Before she could think she said, “Won’t you join us for dinner? It’s nothing fancy, I warn you—”
“Fancy? I wouldn’t know fancy if it came up and bit me.” He was squinting against the sun, his eyes a pale rinsed-out blue. She saw that he hadn’t shaved in a day or two, whitish stubble crowning his chin and climbing up into his sideburns. His hair hadn’t gone fully over to gray yet, but to see him there in his hobnailed boots, short pants and soft-collared shirt, he might have been Herbie’s twin, minus the epaulettes. “Most nights when I’m out on the job,” he said, bending to heft the pack, “it’s pork and beans out of the can.”
* * *
The first night they invited Frank to pitch his tent in the courtyard, out of the wind, but by the second night he was installed in Jimmie’s room and frequenting the Killer Whale Bar with Herbie. Herbie took to him right away, once his initial suspicions were allayed, and even went out in the field with him when he could spare the time. She was glad of it. Herbie needed a little male companionship — Jimmie hadn’t been around in months and Bob Brooks’ visits were sporadic at best — and for the week and a half Frank was with them, his mood just took off like George Hammond’s airplane, and when George flew in the three of them sat out in the bar for hours, their voices running up and down the ladder and the sharp bursts of their laughter rolling across the courtyard till the windows rattled in sympathetic vibration.

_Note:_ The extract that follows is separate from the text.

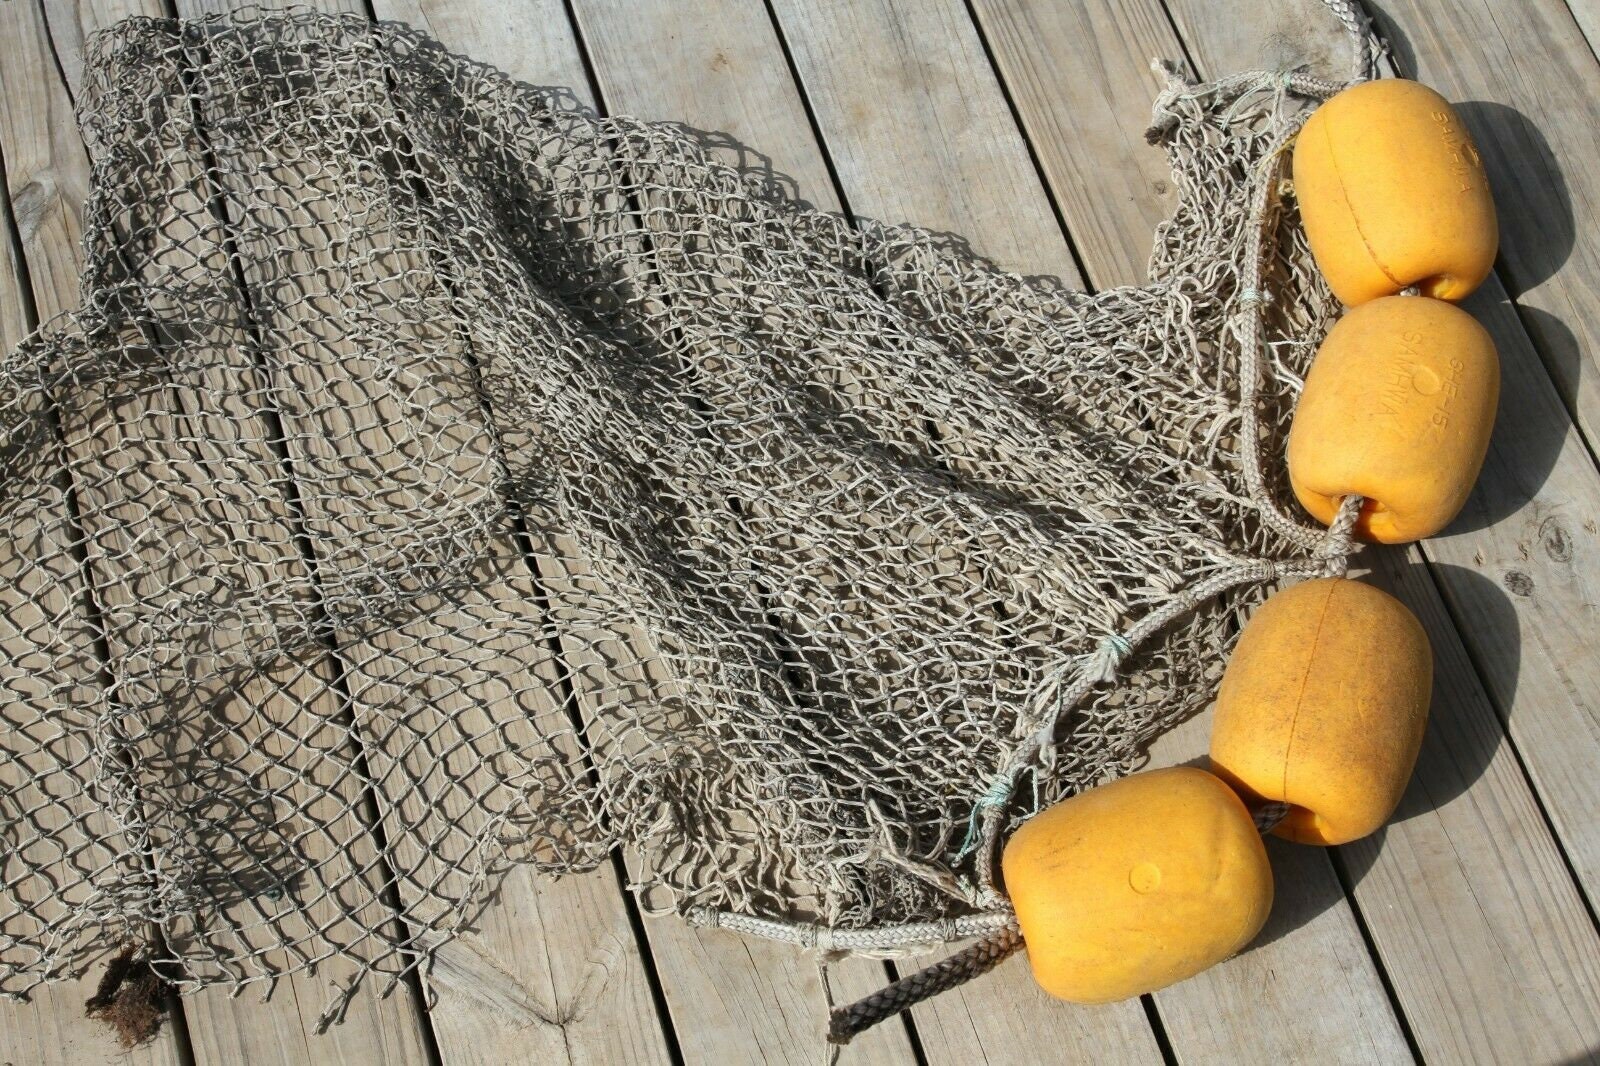 Large Authentic Ocean Fishing Netting Rope Floats Display Decor 3  Assemblies Free Ship

One night after George had flown back home, she, Herbie and Frank were in the living room listening to the radio, the girls in bed and the wind blowing a gale. At some point the radio went out — the wind, Herbie said — and they sat by the fire, talking in low voices and listening to the wind-borne sand scratch at the windows. “Sounds like a thousand cats out there trying to get in,” Frank said, getting up to poke the fire.
“Where are the cats?” Herbie asked, turning to her.
“Mr. Fluff’s in with the girls,” she said. “The others are out prowling, I guess.”
“On a night like this?”
“Don’t worry, they can take care of themselves. And who knows, they might even catch a mouse or two. Did you know, Frank, that Herbie has a soft spot for mice, if you can believe it?”
“Mice? You’re not serious, are you?” Frank shot a look over his shoulder, the poker arrested in his hand. “I hate to say it, but they’re dirty animals. Turn your back a minute and they’re up on the counter getting at your plate. And believe me they’re hell when you set up camp and then you’re gone all day in the field. They gnaw, that’s the worst of it. Leave anything around, and I don’t care what it is — a hammer, your underwear, your toothbrush even — and they’ll chew it up.”